▶ [Problem requirements] Below are entries. Reproduce exactly the lines between the line holding "Serrault Jardins, entreprise" and the line holding "Fit & Flare Scalloped Trim Cami Dress", inclusive, and only those.

▶ [Available data]
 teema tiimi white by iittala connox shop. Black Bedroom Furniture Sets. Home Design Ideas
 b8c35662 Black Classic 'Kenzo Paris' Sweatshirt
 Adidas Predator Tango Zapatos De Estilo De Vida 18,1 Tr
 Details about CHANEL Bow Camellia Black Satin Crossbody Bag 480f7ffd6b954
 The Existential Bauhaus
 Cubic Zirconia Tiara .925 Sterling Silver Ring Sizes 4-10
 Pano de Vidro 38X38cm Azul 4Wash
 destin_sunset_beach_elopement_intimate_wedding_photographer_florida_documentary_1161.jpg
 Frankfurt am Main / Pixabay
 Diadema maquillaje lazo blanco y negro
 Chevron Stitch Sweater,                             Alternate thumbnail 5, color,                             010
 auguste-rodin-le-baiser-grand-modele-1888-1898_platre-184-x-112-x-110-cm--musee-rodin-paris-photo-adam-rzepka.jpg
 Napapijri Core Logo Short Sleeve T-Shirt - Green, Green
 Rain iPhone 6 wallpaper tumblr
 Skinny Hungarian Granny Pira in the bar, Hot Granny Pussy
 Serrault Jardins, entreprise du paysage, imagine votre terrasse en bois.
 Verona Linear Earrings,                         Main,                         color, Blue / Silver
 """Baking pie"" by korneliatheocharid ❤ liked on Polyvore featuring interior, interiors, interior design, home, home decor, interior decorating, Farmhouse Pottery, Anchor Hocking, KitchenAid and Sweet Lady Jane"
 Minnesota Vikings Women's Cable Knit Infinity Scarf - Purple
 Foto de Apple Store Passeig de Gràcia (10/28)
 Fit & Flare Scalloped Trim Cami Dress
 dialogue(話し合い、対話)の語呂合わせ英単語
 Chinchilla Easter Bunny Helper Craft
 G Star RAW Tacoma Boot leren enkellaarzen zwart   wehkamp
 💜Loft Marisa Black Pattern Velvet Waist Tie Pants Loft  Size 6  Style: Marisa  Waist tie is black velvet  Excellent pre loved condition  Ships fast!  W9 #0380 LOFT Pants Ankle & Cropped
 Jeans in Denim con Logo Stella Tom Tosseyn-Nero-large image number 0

▶ [Exercise result]
 Serrault Jardins, entreprise du paysage, imagine votre terrasse en bois.
 Verona Linear Earrings,                         Main,                         color, Blue / Silver
 """Baking pie"" by korneliatheocharid ❤ liked on Polyvore featuring interior, interiors, interior design, home, home decor, interior decorating, Farmhouse Pottery, Anchor Hocking, KitchenAid and Sweet Lady Jane"
 Minnesota Vikings Women's Cable Knit Infinity Scarf - Purple
 Foto de Apple Store Passeig de Gràcia (10/28)
 Fit & Flare Scalloped Trim Cami Dress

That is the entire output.